In mid-May, state elections director Eric Spencer got cocky and put up this poll. Despite the fact that I supplied my email address when I voted in the poll, I have received NO email from the Secretary of State's office with the results of the poll. Perhaps because the office doesn't LIKE the result.

Nevertheless, the CCEC, in enforcing the Citizens Clean Elections Act (enacted by Arizona voters) does not "broaden its mission."

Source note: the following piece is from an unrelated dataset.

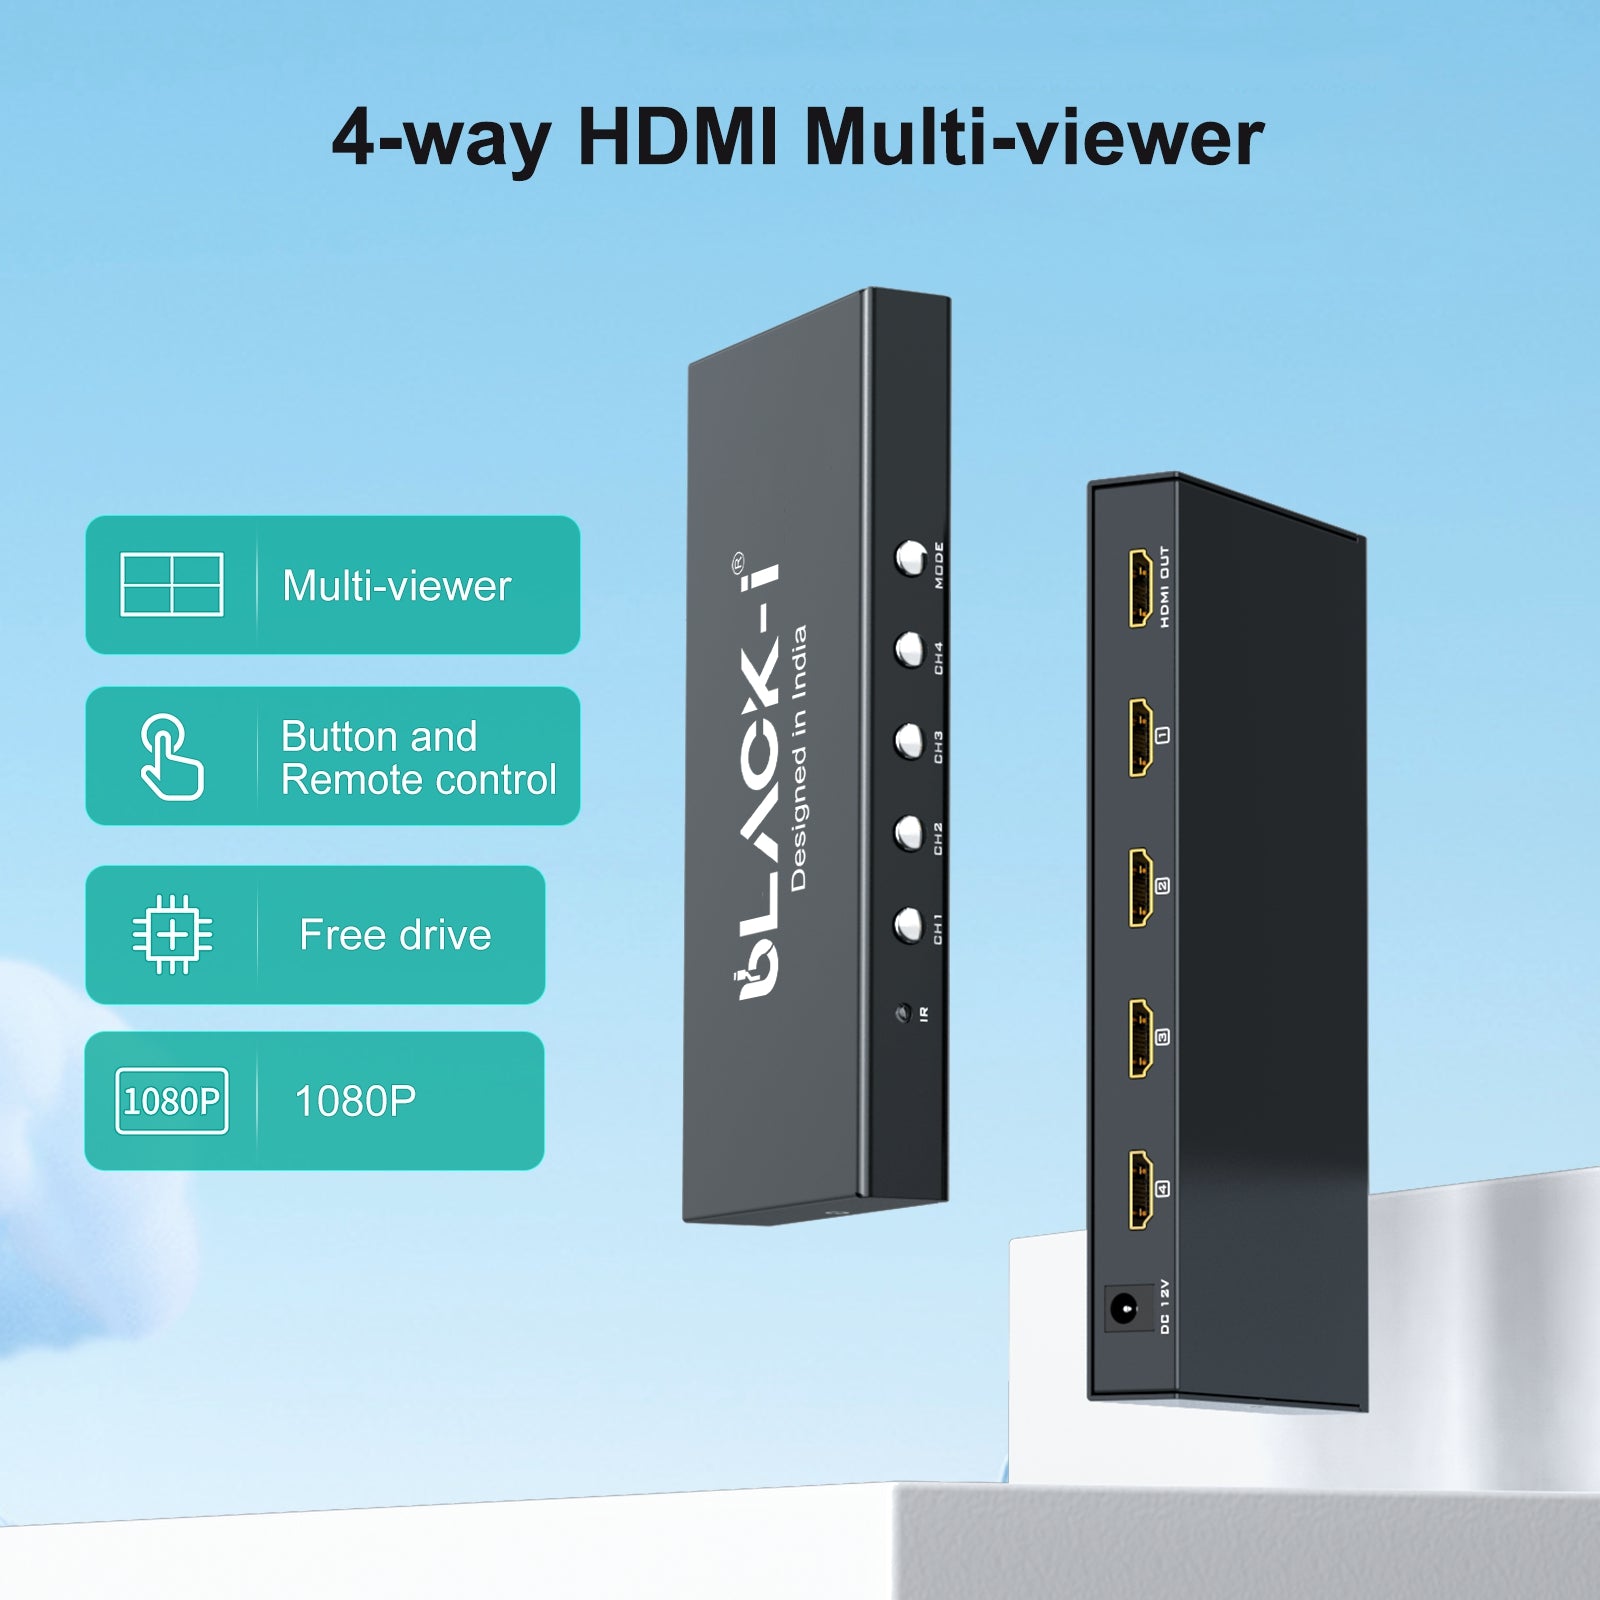 Black-i HDMI 4 Port Quad Screen Multiviewer

From the 2004 court ruling in Clean Elections v Brewer:
The Act [enacted by VOTERS] assigns the Commission [CCEC] many duties related to the conduct of public elections, but three are paramount. First, the Commission administers the public funding provided under the Act for participating candidates... Second, it administers a voter education program and provides for debates among candidates... Third, it enforces the provisions of Title 16, Chapter 6, Article 2 dealing with administration and enforcement... The latter two categories do not relate to the public financing of political campaigns. Rather, they address voter education and require the Commission to enforce measures such as (1) statutory limits on acceptance of campaign contributions, which apply to candidates not receiving public funding... (2) requirements concerning reporting of contributions by candidates who do not receive public funding... (3) requirements that those making independent expenditures file periodic reports... and (4) provisions allowing candidates to agree jointly to restrict campaign expenditures... Nothing in Proposition 106 alters these statutory duties. The Commission, therefore, would retain full enforcement authority and responsibility as to these provisions even if voters abolished public financing of political campaigns. [some statutory citations omitted; excerpt highlighted in the linked text on page 10]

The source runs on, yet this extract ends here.